3.12. Episode Twelve: "Self-Esteem"


    Original Air Date: November 18, 1994

 

"She's not just a fantasy. She's got like, flaws. She's real" -- Brian
 

Synopsis


    Angela is troubled by Jordan's insistence that they keep their boiler room make-out sessions secret; Rickie meets Mr. Katimski; Graham meets Hallie Lowenthal.
 

Analysis


Without question, "Self-Esteem" is a favorite episode. We get to see Angela and Jordan make out; we get to hear that great Buffalo Tom song -- twice; we get to commiserate with Angela as her heart breaks and we get to cheer as Jordan takes her hand. But as we follow Angela's travails, we must not overlook the deeper crisis in self esteem, that inner assurance that one is a person of value and worth in the world, which nearly every character in this episode faces to some degree.

ANGELA AND JORDAN


Trysts in the boiler room have become part of the relationship between Angela and Jordan and have done wonders for Angela's temperament. Clearly, Angela feels good about herself, but when Rickie declares Angela and Jordan a couple, the savvy Rayanne is less sanguine:

    "We'll see."

Angela may be as naive as Rickie about the matter.
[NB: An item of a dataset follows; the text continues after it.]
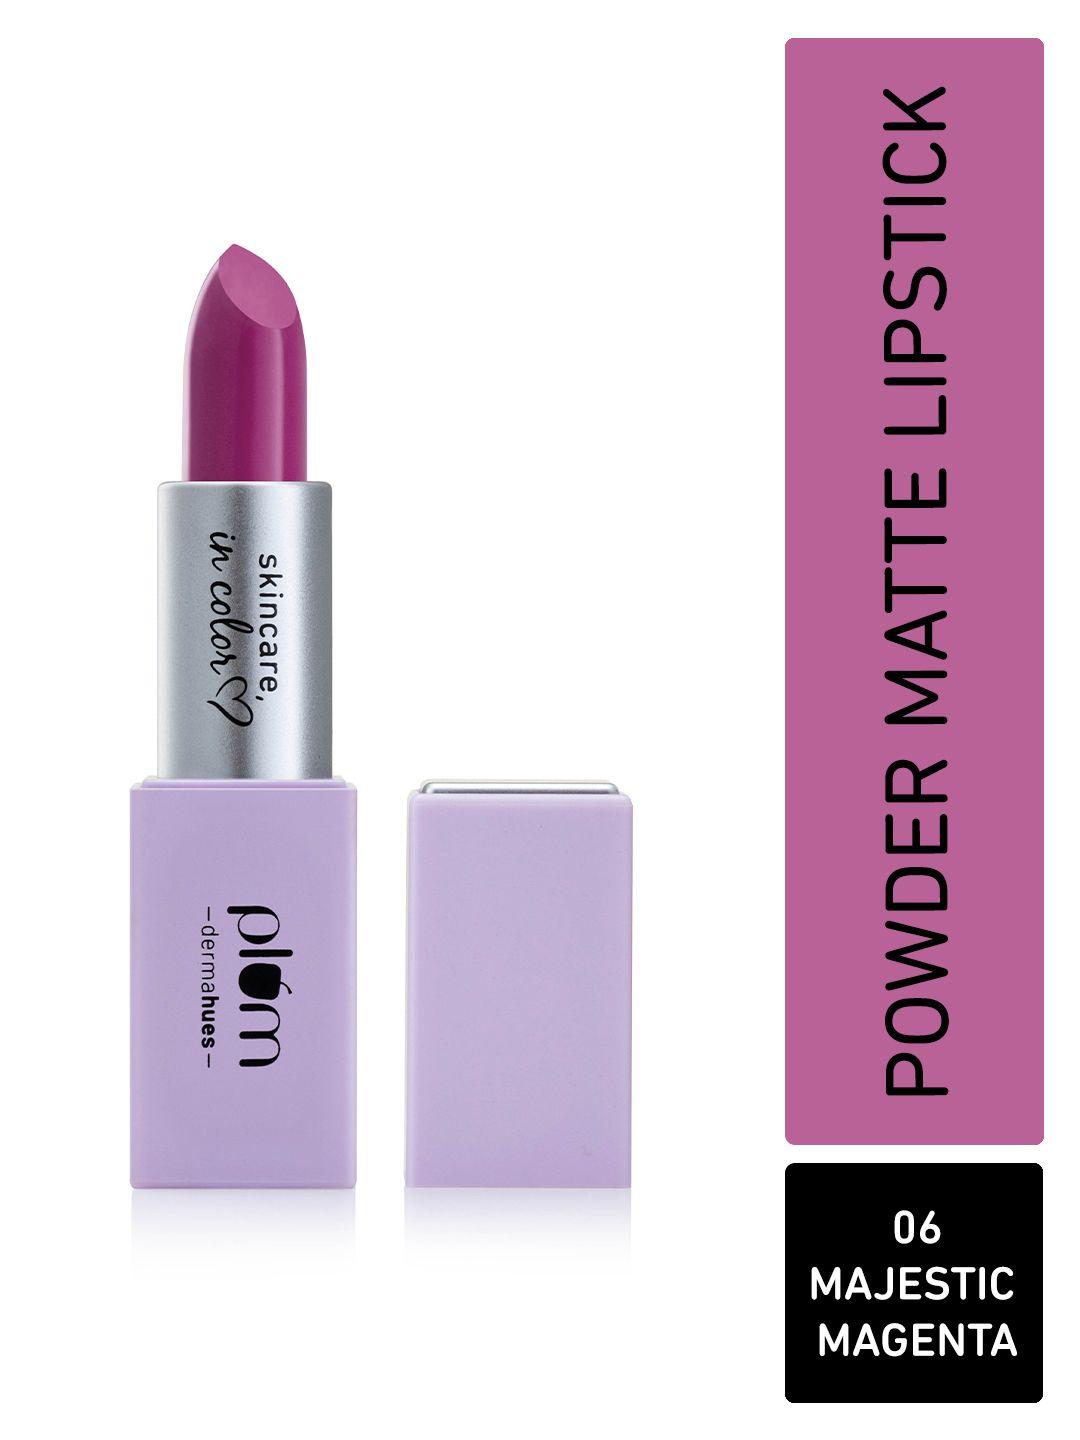 plum velvet haze long lasting powder matte lipstick - 4.2g - majestic magenta 06

    "We barely talked," she tells us, "so when we did, it came out sounding really meaningful."

But in relationships, what is not said is as significant as what is said. Thus, the snippets of boiler room conversation that "sound" really meaningful but are truly meaningless confirm Rayanne's suspicion that there is less to the relationship than Angela would like to believe.

Digression: Chinese Food.


    Why the Chinese food? If Rayanne's and Rickie's lunch is merely business to enliven an otherwise static, "talking heads" scene, they could be eating any conventional school lunch food, such as sandwiches, apples, oranges and so forth. However, Chinese food is unusual and bears mentioning, and thus provides a transition from their discussion of Mr. Katimski to Angela and Jordan.
 
    But what about the broader role of Chinese food in MSCL? Only Patty, Rayanne, Rickie and Hallie eat it. Patty eats it by herself, Rayanne and Rickie share, Hallie offers some to Graham, who refuses. Clearly, Chinese food does not function well as a separate metaphor for relationships or matters sexual, nor does it fit neatly with other fast foods in the larger food metaphor. We must conclude, therefore, to paraphrase Sigmund Freud, "sometimes an egg roll is just an egg roll." End of Digression.
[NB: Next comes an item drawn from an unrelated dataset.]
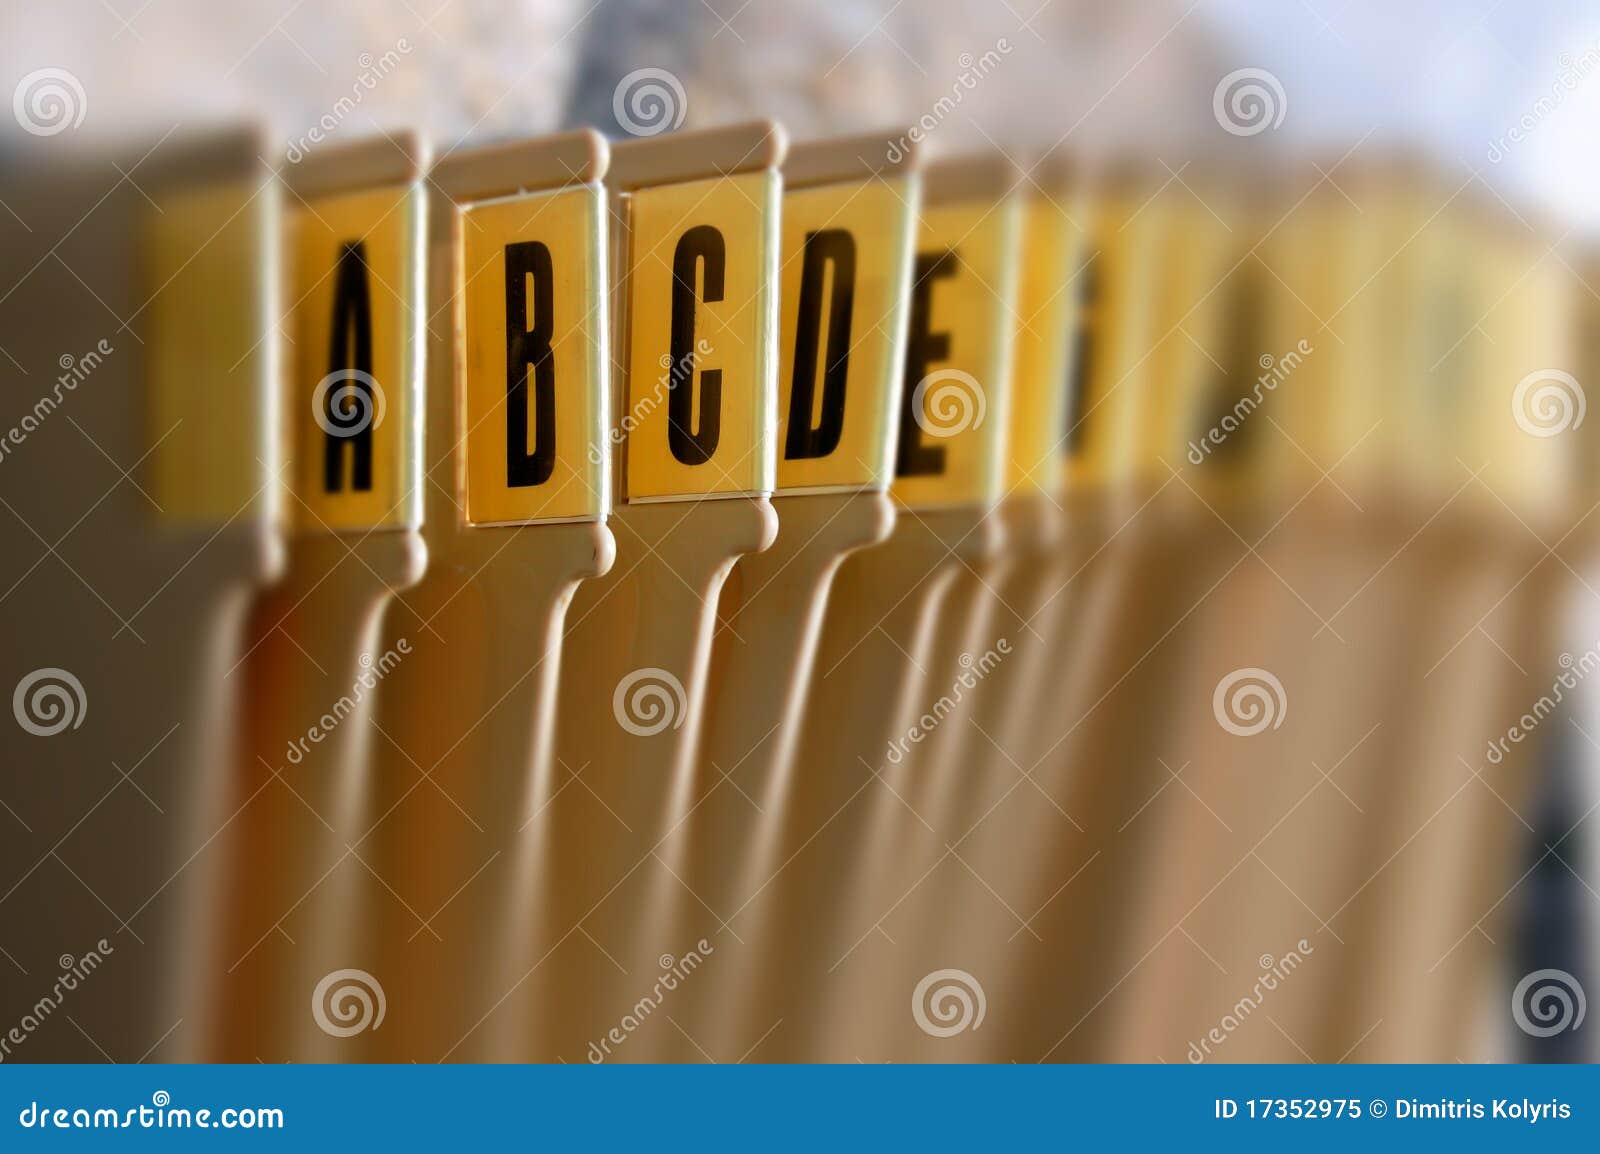 alphabetical filing tray

Angela suddenly realizes the state of her love affair when Jordan asks her to keep their meetings secret. She tries so hard to comply that she changes her sweater from the boiler room to the top of the stairs, (if you have a better theory, let's hear it), and arrives at the stairwell door in time to hear Jordan deny her to his friend Shane. At almost the same time, Angela begins to realize her trouble with geometry as the mid-term exam nears. Angela enjoys her private relationship with Jordan -- the "kissing--" but the relationship conflicts with the "not kissing" demands of the world outside the boiler room, like geometry. In addition, it is clear that Jordan does not want to publicize the relationship, which Angela can only believe is due to some inadequacy in her.

Angela's predicament becomes the topic of discussion between Rayanne and Sharon. These conversations are beginning to take the same form as those between Angela and Brian, where a ritual sniping is followed by a substantive, person to person discussion. The fact that Rayanne and Sharon are adopting a conversation pattern similar to Angela's and Brian's reveals that although they are publicly adversaries, they are closer to being friends than either is ready to admit. Both express their concern for Angela.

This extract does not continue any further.